Here are three decisions that investors sometimes need to make: (1) whether to convert funds this year from a tax-deferred account (TDA), like a 401(k), to a Roth account; (2) whether to contribute this year to a TDA or a Roth account; and (3) how to tax-efficiently withdraw funds in retirement, where withdraw is interpreted broadly to include Roth conversions.

In this article, I present examples that clearly show the proper analytic framework for making these decisions should be based on comparisons of marginal tax rates (MTRs) across years, where the MTR is the tax rate paid on the next dollar of ordinary income. Unfortunately, many financial professionals think these decisions should be made based on comparisons of tax brackets across years. To illustrate the wide use of advice based on tax brackets instead of MTRs, I use recent publications by Ed Slott (2021) and Michael Kitces (2021).

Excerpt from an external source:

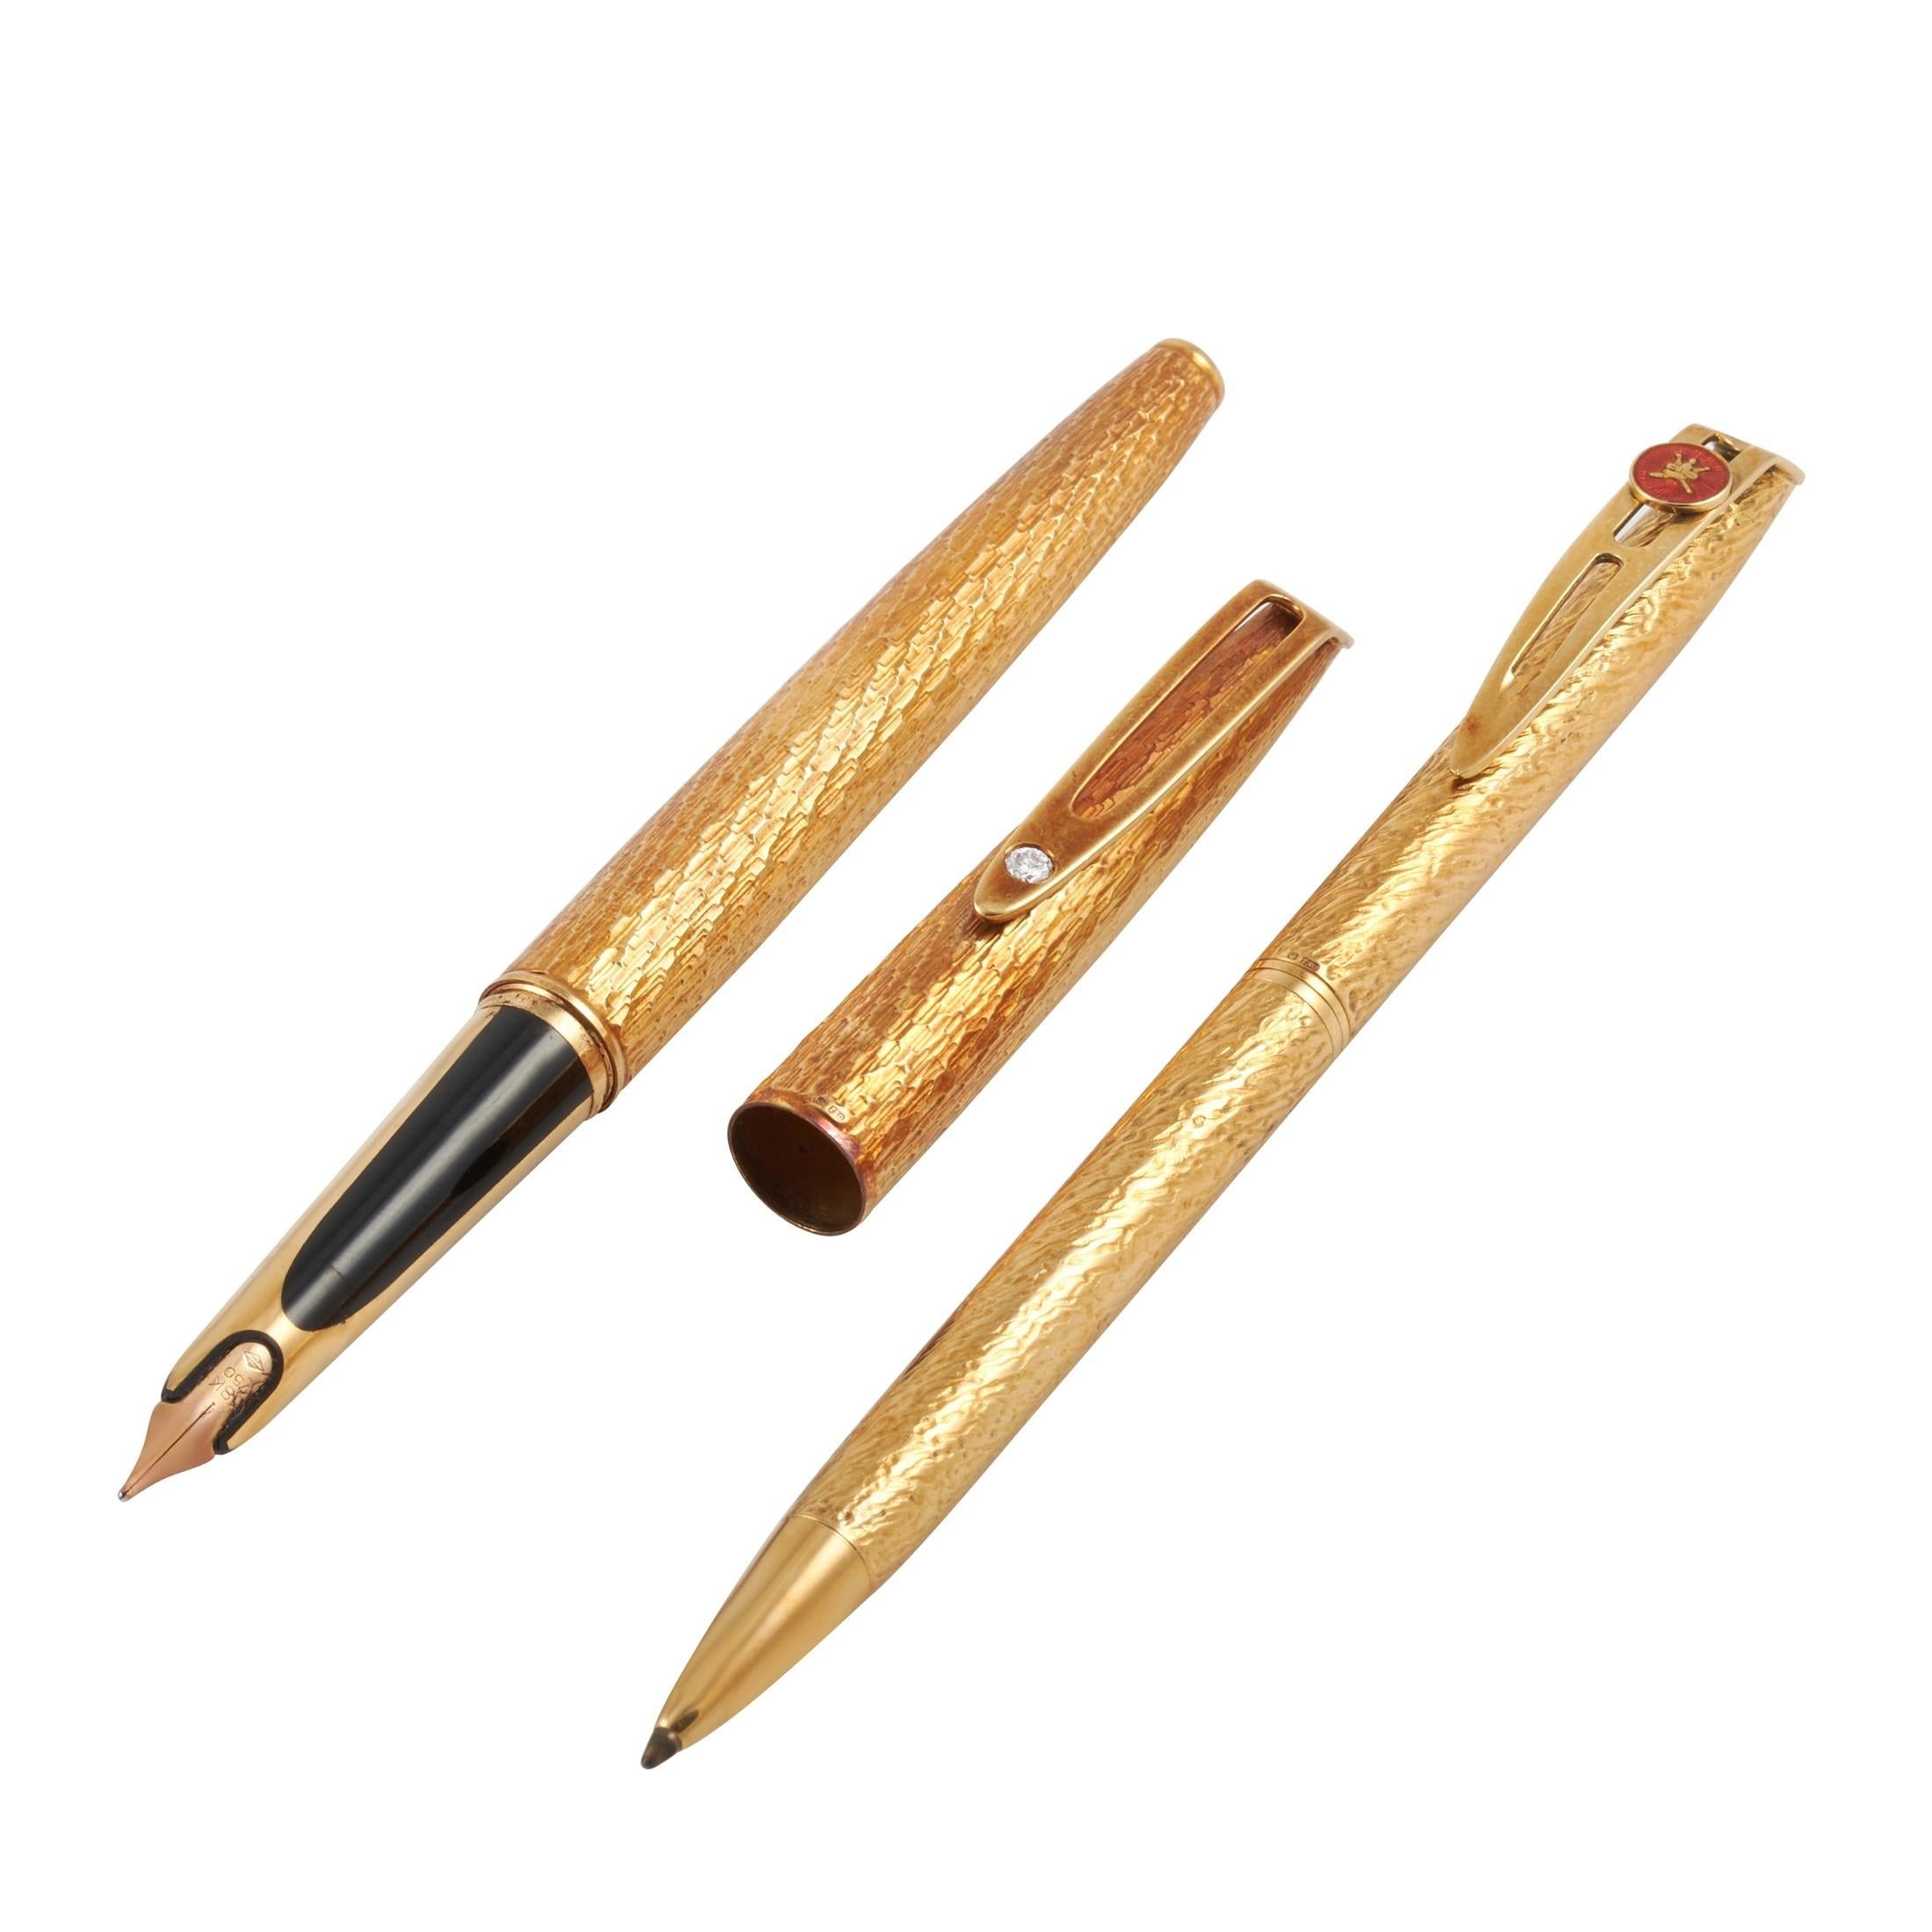 This set of two 18K textured yellow gold pens were made for the Sultan of Oman to give as gifts. One pen features a fountain tip, and the clip is set with a single round diamond. The other pen features a retractable ball point tip, and its cap bears

Separately, I then discuss a detailed case that Pfau (2021b) uses to illustrate a tax-efficient withdrawal strategy in retirement that is based on efficient MTR management. However, he mislabels this strategy as an example of “tax-bracket management.” Finally, I note that the top two retirement income credentials – American College – the Retirement Income Certified Professional (RICP) and Investment and Wealth Institute – Retirement Management Analyst (RMA) – emphasize the use of “tax bracket management” and “tax bracket planning” when selecting a withdrawal strategy in retirement.

I chose to discuss these works by Slott, Kitces, and Pfau, when I could have discussed works of others, because they are recognized leaders in the investment profession. Since these recognized leaders and the top retirement credential programs in our industry are making this mistake , I am confident that many other investment professionals are also doing so.